Google DeepMind researchers have introduced CaMeL, a new defense mechanism designed to protect large language models (LLMs) against prompt injection attacks originating from untrusted inputs. The CaMeL framework acts as a defense layer around LLMs, intercepting and neutralizing potentially malicious queries before they can exploit the model. In benchmark tests using AgentDojo, a security suite for autonomous agents, CaMeL was able to block 67% of prompt injection attacks, demonstrating considerable effectiveness over current solutions.
Prompt injection attacks allow adversaries to manipulate LLMs by crafting context or instructions that cause models to exfiltrate sensitive information or execute unintended actions, such as sending unauthorized emails or leaking private data. Conventional defenses rely on more Artificial Intelligence to monitor or detect malicious prompts, but attackers have repeatedly found ways to circumvent these measures, as seen in successful phishing attacks bypassing even the latest LLM security features.
Distinctively, CaMeL applies established software security principles—such as control flow integrity, access control, and information flow control—to LLM interactions. It uses a custom Python interpreter to track the origin and permissible actions associated with all data and instructions encountered by a privileged LLM, without requiring modification of the LLM itself.

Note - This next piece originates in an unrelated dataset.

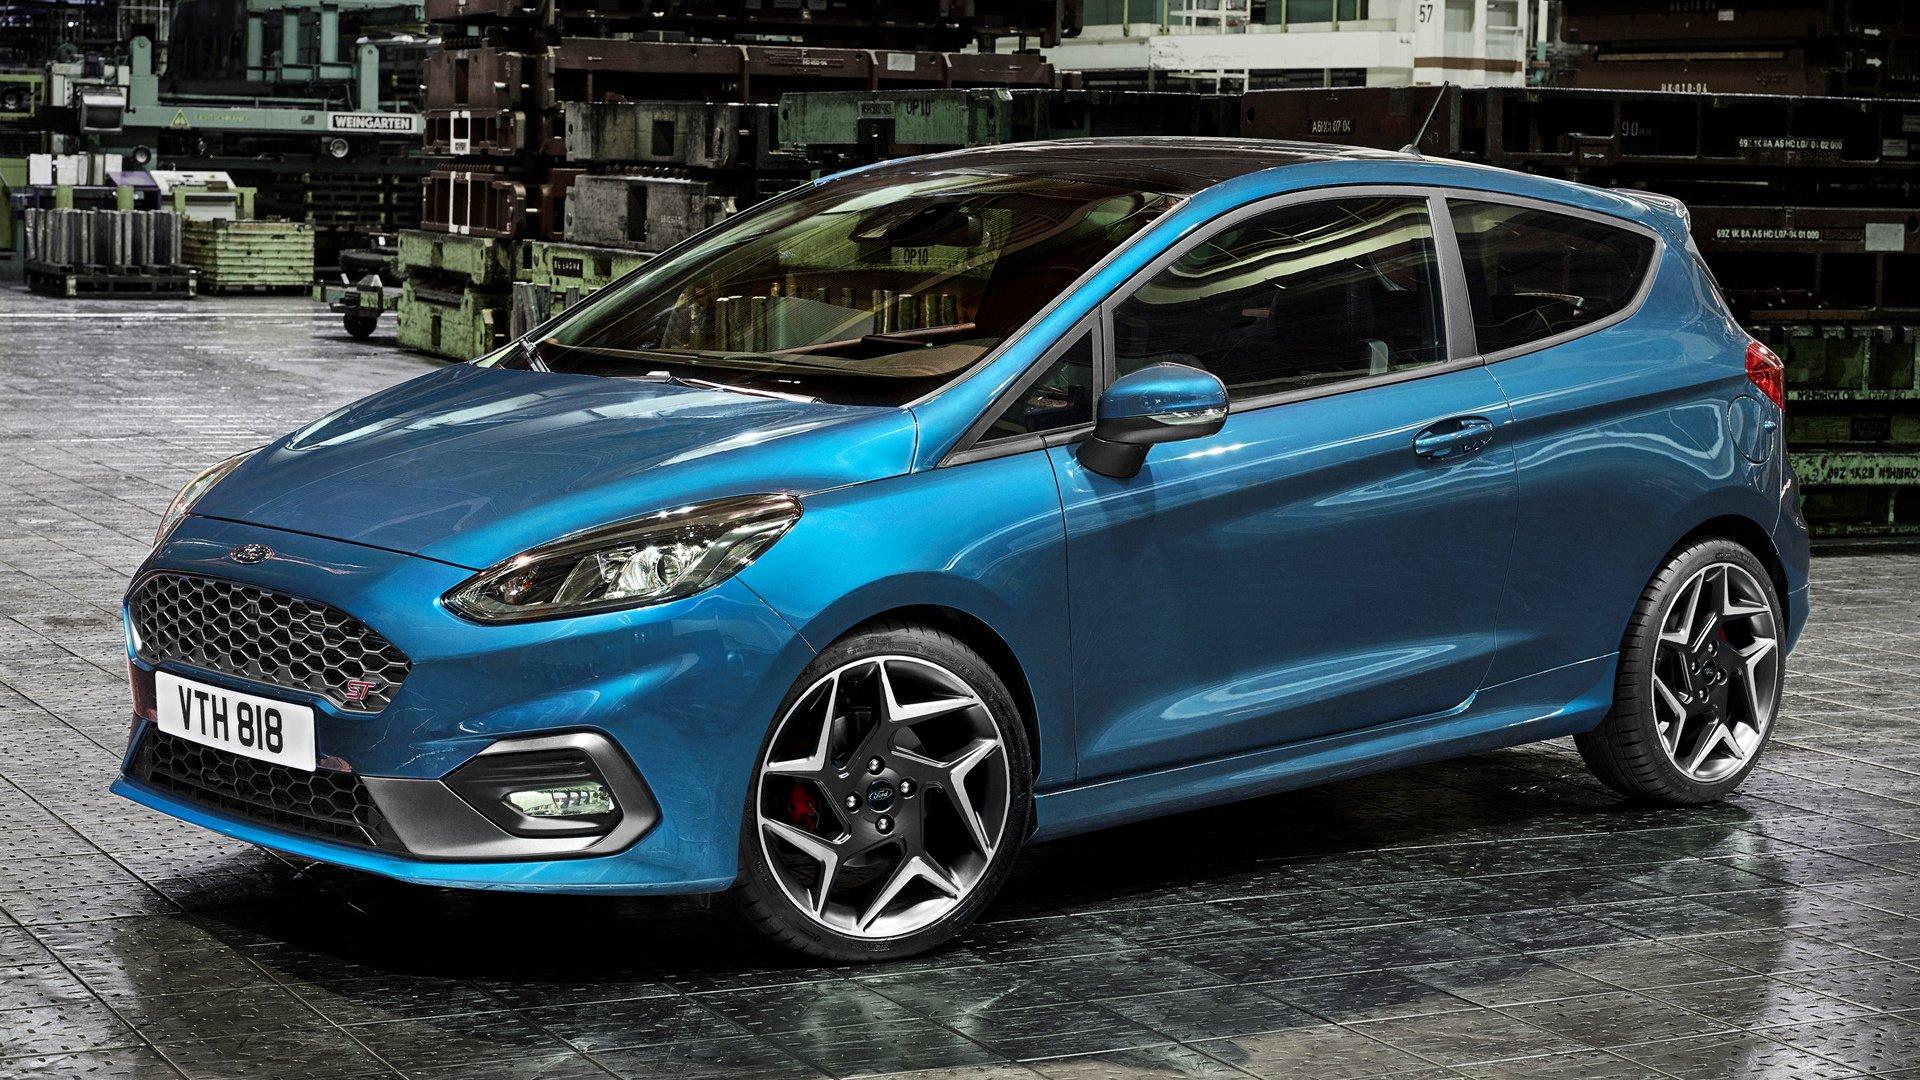 2018 Ford Fiesta St 3 Door Fond Décran Hd Arrière Plan

By leveraging the Dual LLM pattern, where one LLM handles untrusted inputs in quarantine and another privileged LLM enforces workflows and access rights, CaMeL builds a data flow graph and attaches security metadata to all variables and program data. This metadata defines what actions are authorized, ensuring that output from untrusted sources cannot be misused even if manipulated upstream.
While the approach reduces the need for Artificial Intelligence-driven security layers, making detection less probabilistic and more deterministic, it is not a silver bullet. The researchers point out limitations such as the need for users to define security policies themselves and the risk of user fatigue from manual approval of sensitive tasks. Nevertheless, CaMeL´s results highlight the merit of augmenting LLM security with well-understood software security methodologies, providing a promising avenue for reducing systemic risk in production LLM deployments.